Есть легенда об уникально проникновенной форме личного общения в России — культуре разговора, устной речи. Сами знаете: купе поезда дальнего следования, бутылка, колбаска… поехали. Русское застолье, кухонная исповедальность, подъездная задушевность. Остроумцы идут еще дальше и приводят в пример, скажем, российскую манеру устных толкований почтовых адресов. Даже в наши дни, при наличии подробнейших карт города, изложение маршрута становится поводом для чего-то большего — хотя бы для того, чтобы вспомнить прежнюю Москву, когда карт не было, вспомнить собственные невзгоды, антипатриотические настроения и старые обиды. Сам же маршрут поиска дома по этой устной легенде — как волнующий детективный роман с узнаванием улик по дороге. Как будто мы не хотим расстаться с магией запутанных маршрутов нашей жизни, зная, что «сложное понятней им» (Пастернак), Подобная логика всегда оставляет собеседникам пространство для маневров, держит нас в интригующей неопределенности о следующем шаге — суррогат свободы.

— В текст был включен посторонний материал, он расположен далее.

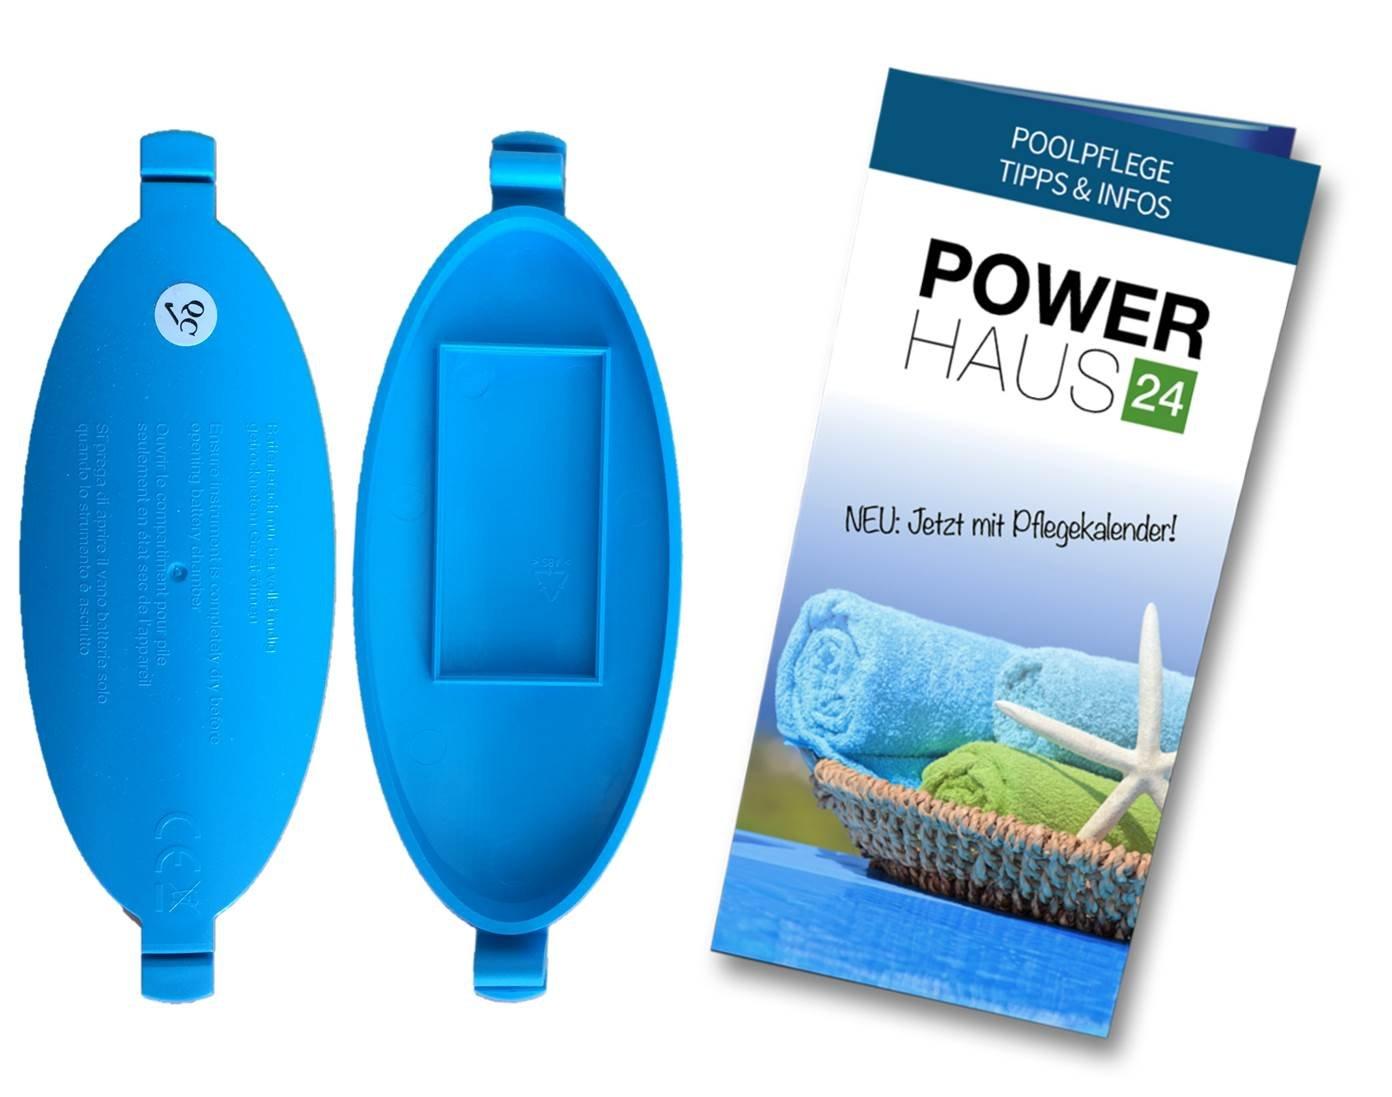 Batteriefachdeckel f/ür PoolScan und Suba II mit POWERHAUS24 Pflegefibel
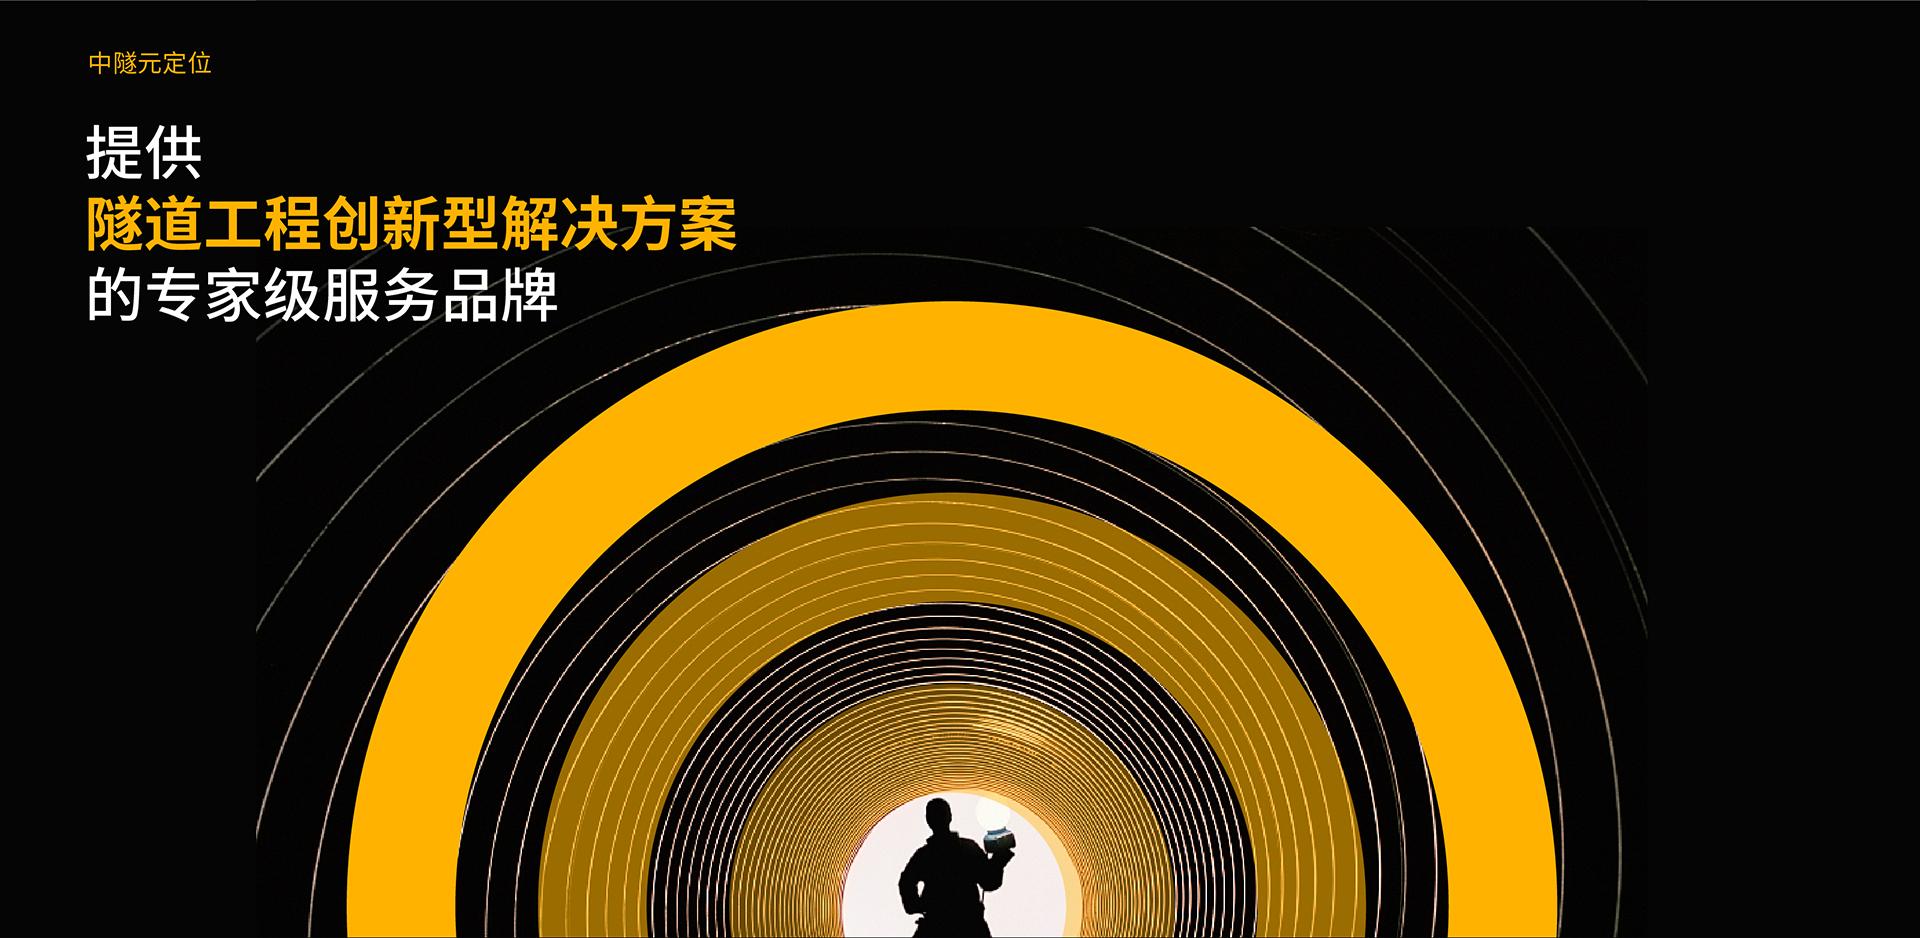 201007-中燧元案例-02.jpg

В устной речи много дыхания — и в прямом и в переносном смысле, достаточно пространственных пауз для воображения, не стесненного уплотненной реальностью, достаточно недоговоренностей для увиливания, уловок и уклонения от прямого ответа. Устная речь позволяет всегда сказать: «Я имел в виду нечто иное». В разговорном слове есть вольная необязательность. В мире, где политические режимы и вывески магазинов меняются за ночь, эта необязательность — как кислородная подушка астматику. Чувство постоянства, надежности в географии нашей жизни, как это понималось в старой доброй Европе, кончилось, наверное, при Иосифе Виссарионовиче Сталине. Дальше пошла виртуальная реальность.
И так далее. Все это так. Но мы при этом догадываемся, что все это одновременно уже и не так. Национальные стереотипы сместились, стали расплывчатыми. Когда говорят про английскую, скажем, сдержанность, забывают, что Англия — еще и родина панков и бритоголовых футбольных болельщиков, они распевают футбольные гимны с тем же энтузиазмом, с каким советские фронтовики — сталинские песни. Нигде так много не говорят, как в Англии: галдеж в пабах, журчание светской болтовни на коктейлях, несмолкаемое кружение разговора за дружеским ужином. И тем не менее мы знаем, что разница есть. И мы знаем: произошли некие непоправимые перемены — и в устном и в эпистолярном общении — и тут и там.
Когда я перестал доверять письмам и признаниям как высшей судебной инстанции в интимной связи с близкими людьми? Не я ли исписывал страницы, воспевающие разговоры дружеского клана, где (цитирую самого себя) «в каждом из собеседников чувствуешь загадочную правду», когда «случайная реплика собеседника странным образом разрешает твой вопрос, который не решался задавать самому себе», и в «этом идеальном разговоре говорится про себя как про другого, а про другого как про себя». Литература же была для меня как этот самый «идеальный примысленный разговор, который мог бы быть, но не состоялся, а если и состоялся, то промелькнул незамеченным в уме… Реплики, которые остаются невысказанными в момент разговора, они — переводные картинки услышанного, и собранные вместе, выстраиваются в новый разговор — литературу». Перечитывая эти собственные строки, я поражаюсь собственному разговорному напору и эпистолярному энтузиазму.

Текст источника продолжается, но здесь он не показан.